Check the SourceCodester security advisory for available patches addressing this SQL injection. Patches should validate and sanitize all user input, use parameterized queries for database interactions, and implement proper input encoding. If patches are not yet available, prioritize upgrading to the next stable release of Pizzafy that includes this fix. Test patches in a non-production environment before deployment. Coordinate patching with your change management process to minimize downtime, but given the severity and active exploitation risk, expedited deployment is warranted.

Detection guidance

Monitor web server and application logs for SQL injection indicators in the /admin/admin_class_novo.php endpoint, including unusual characters (single quotes, comment operators like --, OR, UNION) in username parameters. Enable database query logging and audit trails to detect anomalous SQL commands. Search for HTTP requests to the admin login function containing SQL keywords or encoded payloads. Implement alerting for failed login attempts followed by unusual database activity. Check firewall and IDS/IPS logs for traffic patterns consistent with SQL injection fuzzing or exploitation attempts targeting the administrative panel.

Why prioritize this

This vulnerability warrants immediate attention due to the combination of high severity (CVSS 7.3), complete absence of authentication requirements, public exploit availability, and direct impact on administrative security. SQL injection against an admin login function is one of the highest-impact vulnerability classes—it bypasses all security controls downstream. Any organization using Pizzafy 1.0 should treat this as a critical security incident requiring emergency response coordination.

Risk score, explained

The CVSS 3.1 score of 7.3 reflects the network accessibility (AV:N), low attack complexity (AC:L), absence of privilege or interaction requirements (PR:N, UI:N), and integrity/confidentiality/availability impact across the system scope. The score appropriately captures that an unauthenticated attacker can remotely compromise database confidentiality, modify data, and disrupt service. The high severity rating aligns with the public exploit availability and the administrative context of the vulnerable component.

Frequently asked questions

Do I need to be authenticated to exploit this vulnerability?

No. The vulnerability exists in the login function itself, meaning an attacker can inject SQL before authentication occurs. This is what makes it particularly dangerous—it bypasses the authentication layer entirely.

What can an attacker do if they successfully exploit this?

An attacker gains database-level access with the privileges of the database account used by the application. This typically means reading all customer data, orders, payment information; modifying or deleting records; and potentially executing commands on the underlying system depending on database configuration.

Is this vulnerability in the CISA KEV catalog?

As of the current data, this vulnerability has not been added to CISA's Known Exploited Vulnerabilities catalog, though public exploits are confirmed to exist.
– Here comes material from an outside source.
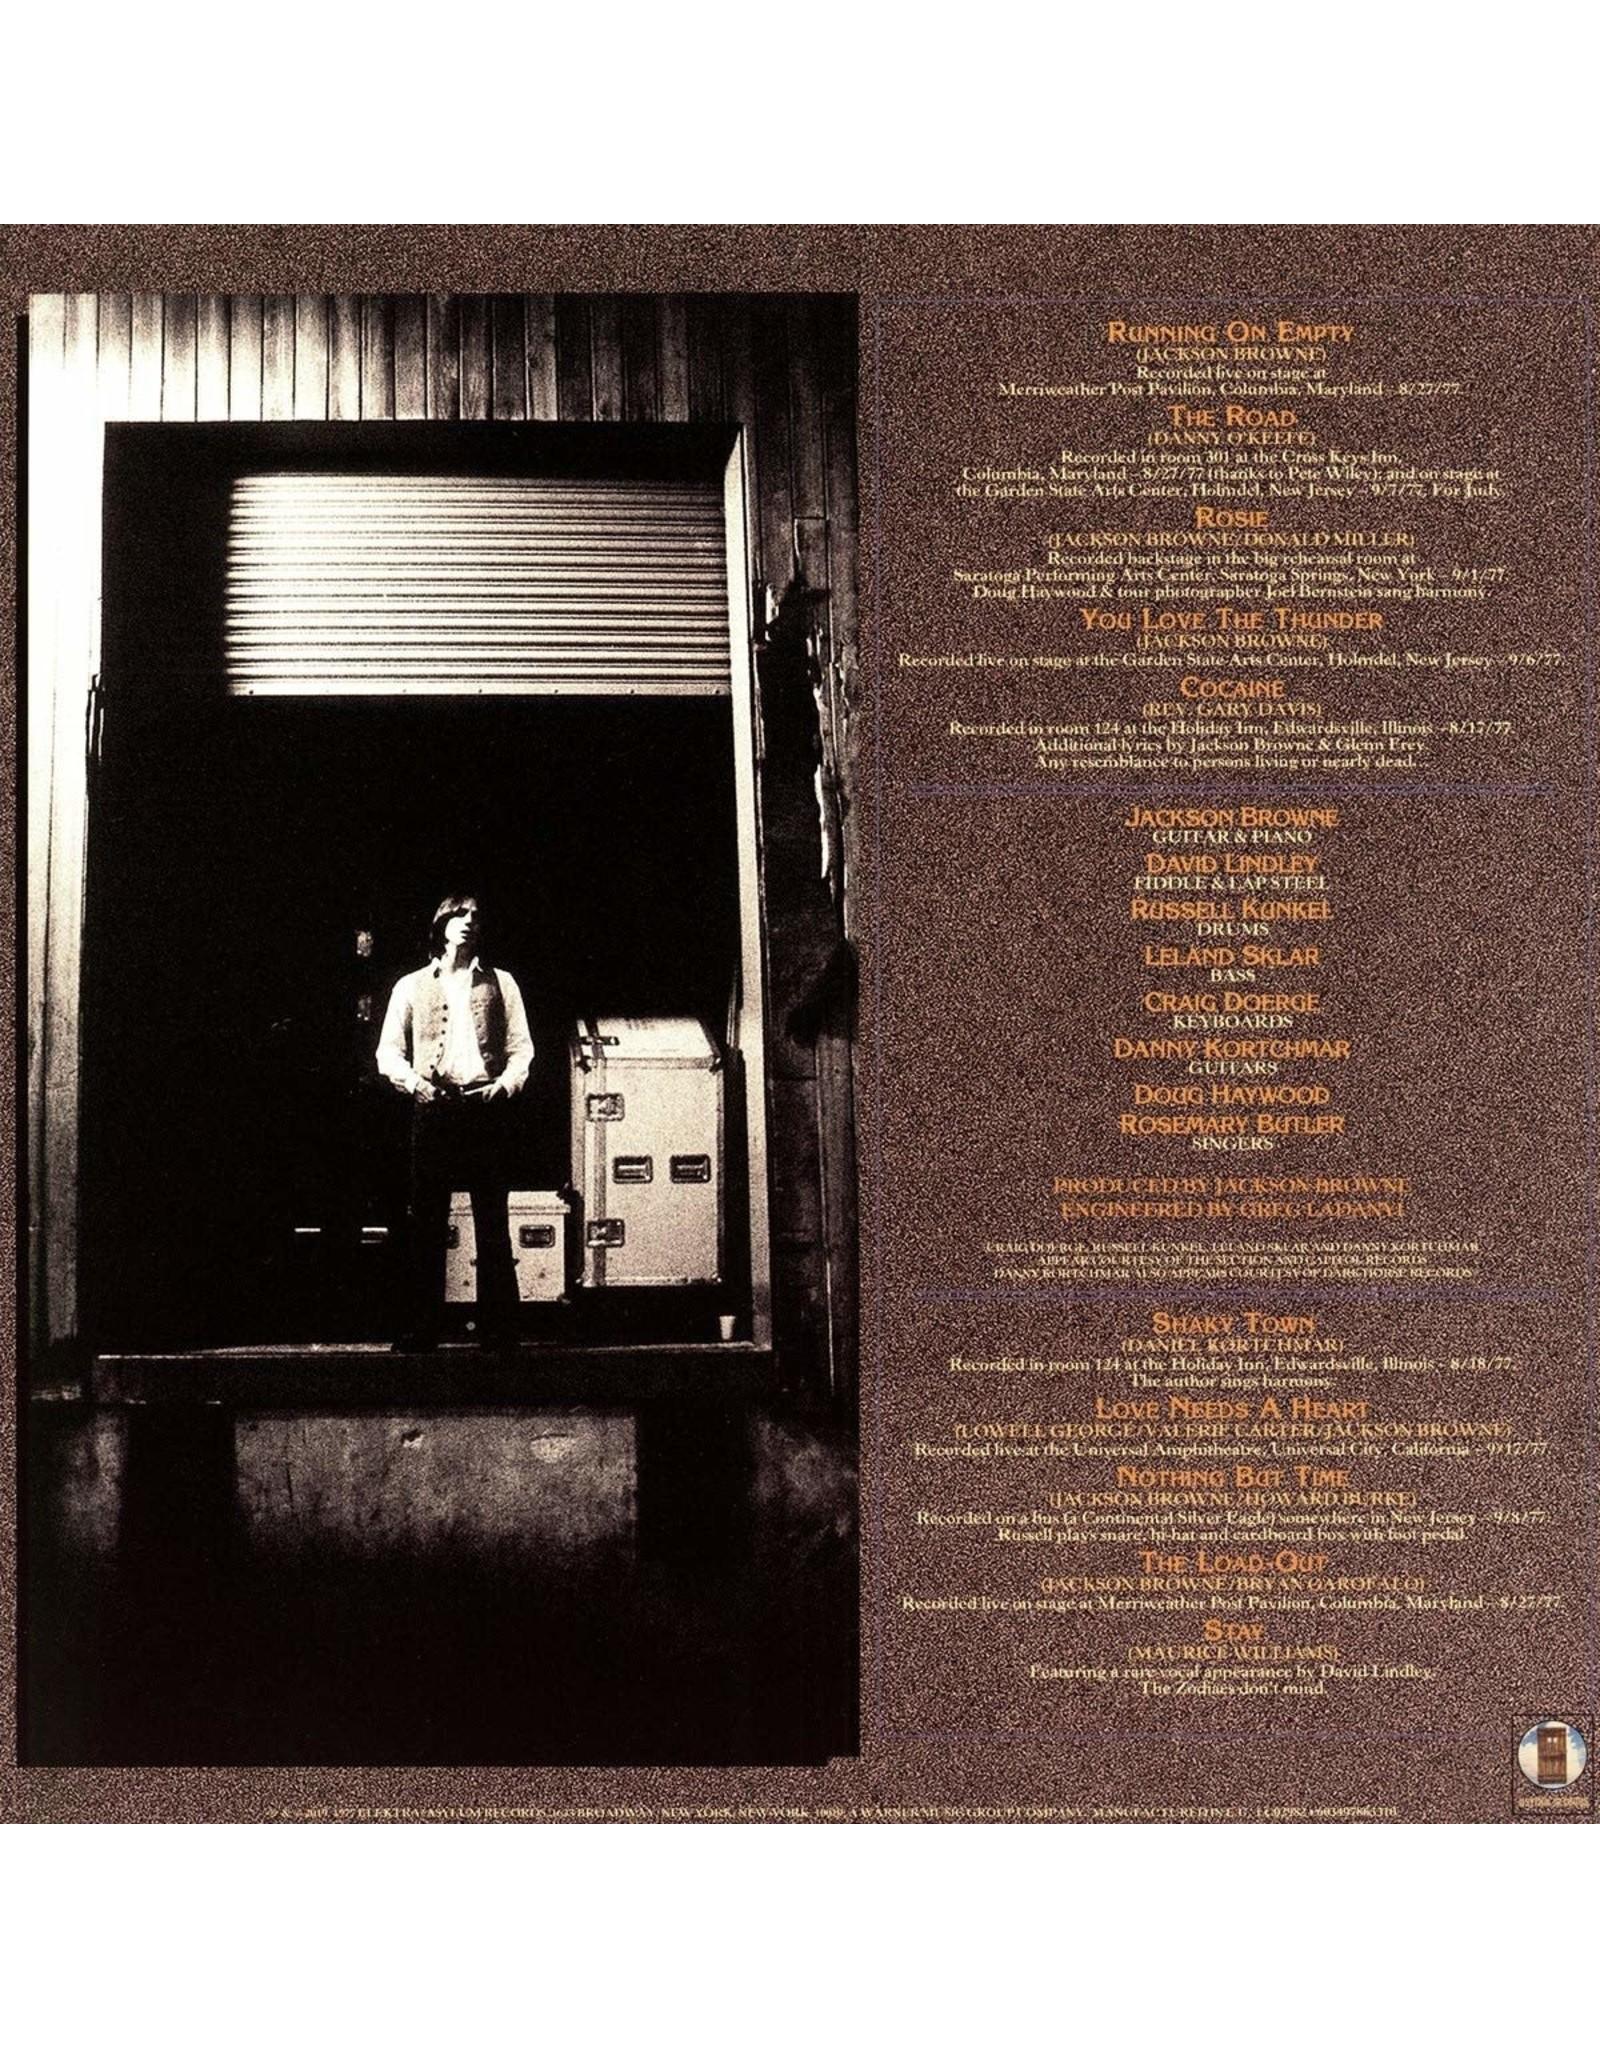 Jackson Browne - Running On Empty

CISA's inclusion status may change as the threat landscape evolves.

What if I'm running a version other than 1.0?

Check SourceCodester's security advisories to determine if your version is affected. While this CVE specifically references version 1.0, similar SQL injection issues could exist in other versions. Review their patch release notes carefully.
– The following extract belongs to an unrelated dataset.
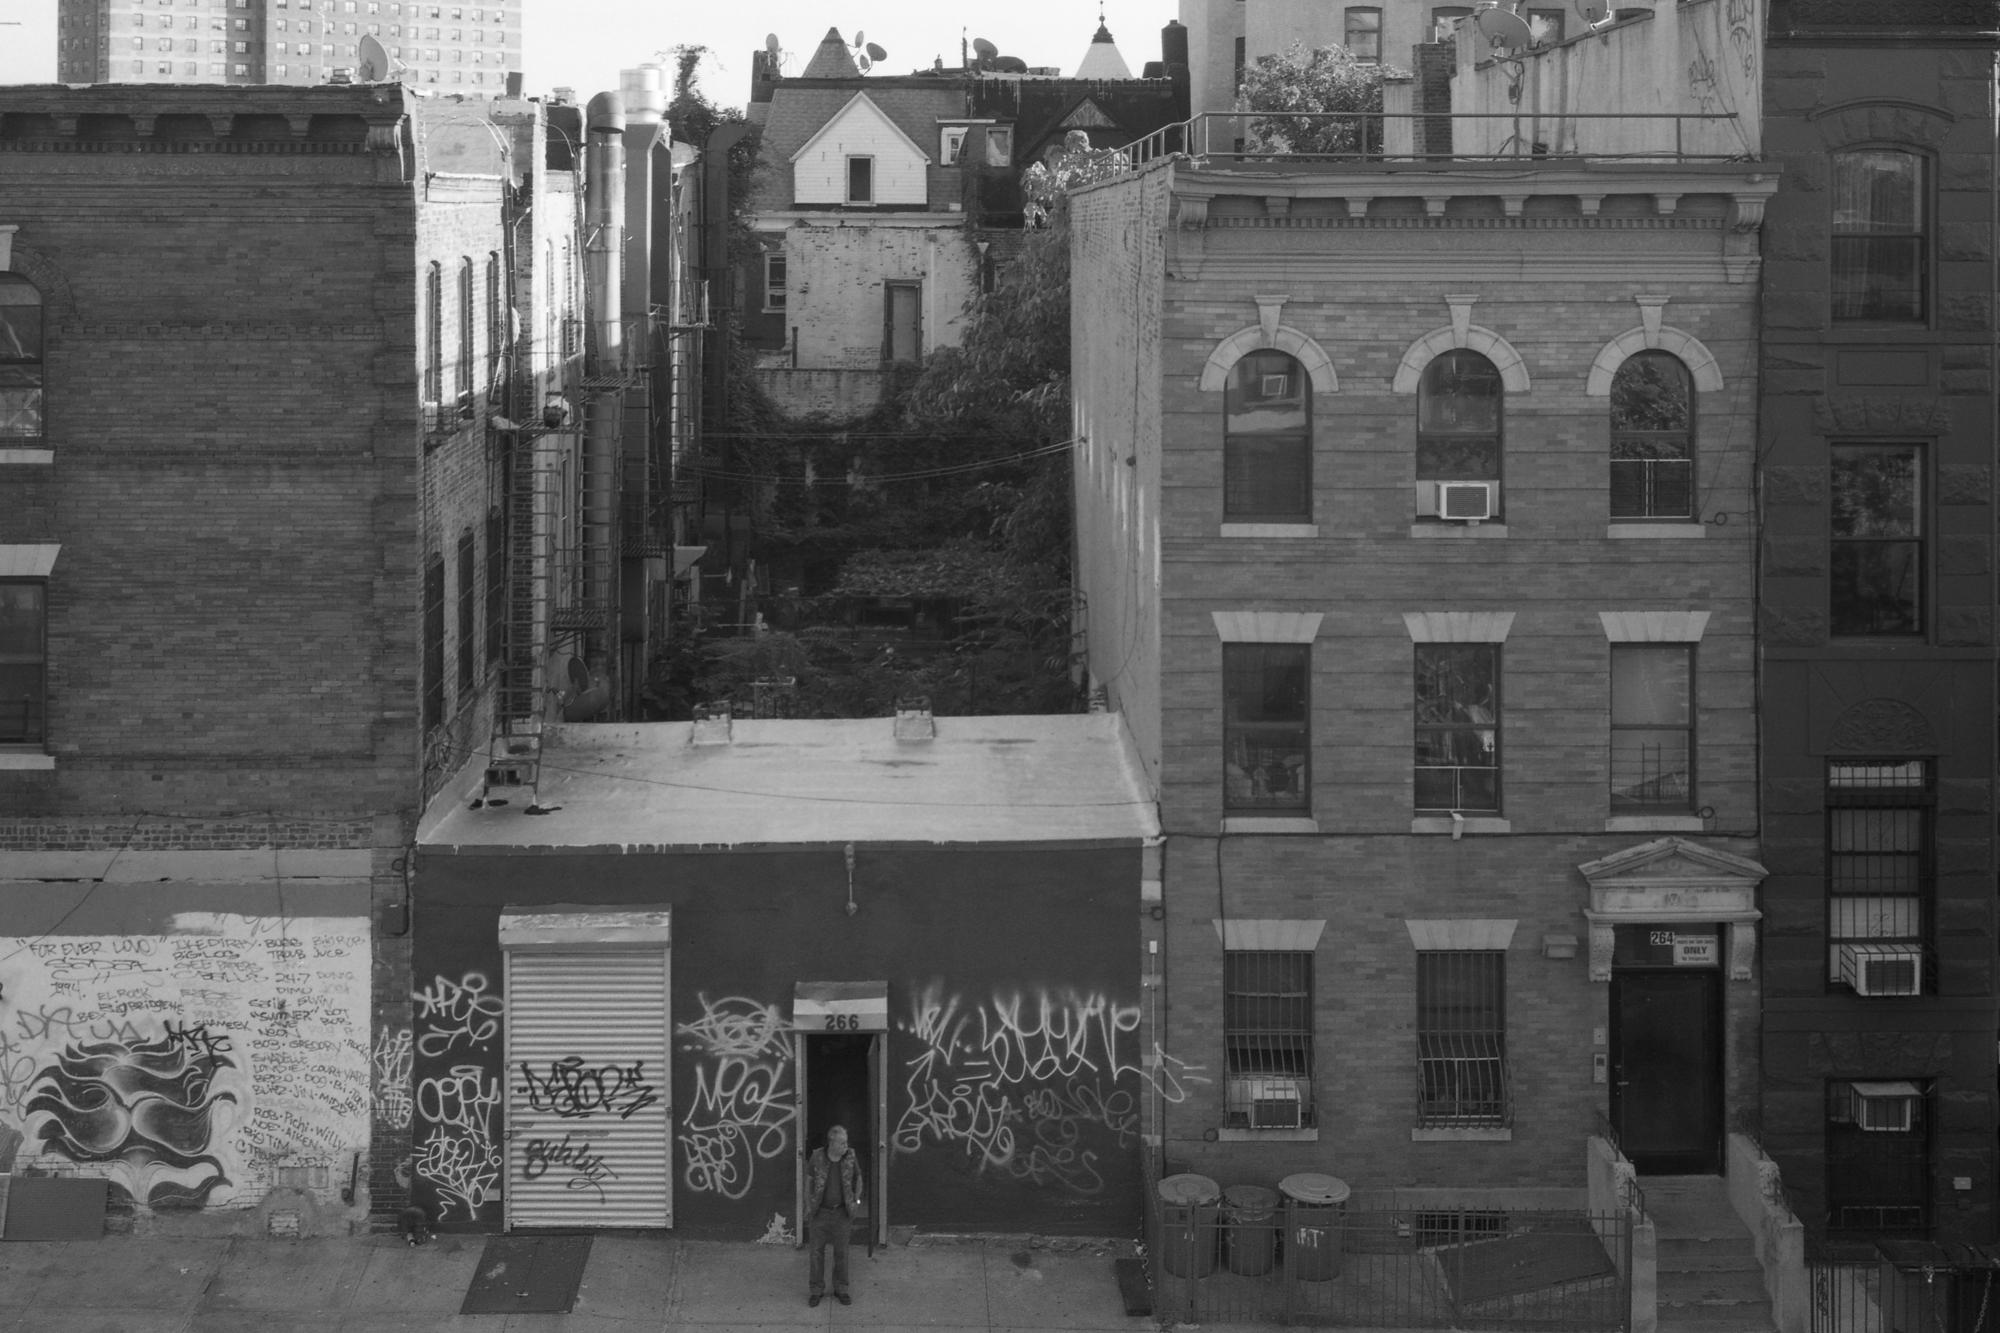 NYC_35mm_00035.jpg

This analysis is provided for informational purposes to support security decision-making. While the vulnerability details and CVSS score are based on authoritative CVE data, organizations should verify specific patch availability, compatibility, and deployment timelines with SourceCodester's official security advisories. SEC.co makes no warranty regarding the completeness or real-time accuracy of exploit availability claims. Always test patches in non-production environments before production deployment. This explainer does not constitute legal advice, and organizations remain responsible for their own security posture and compliance obligations. Source: NVD (public-domain), retrieved 2026-07-07. Analysis generated by SEC.co (claude-haiku-4-5).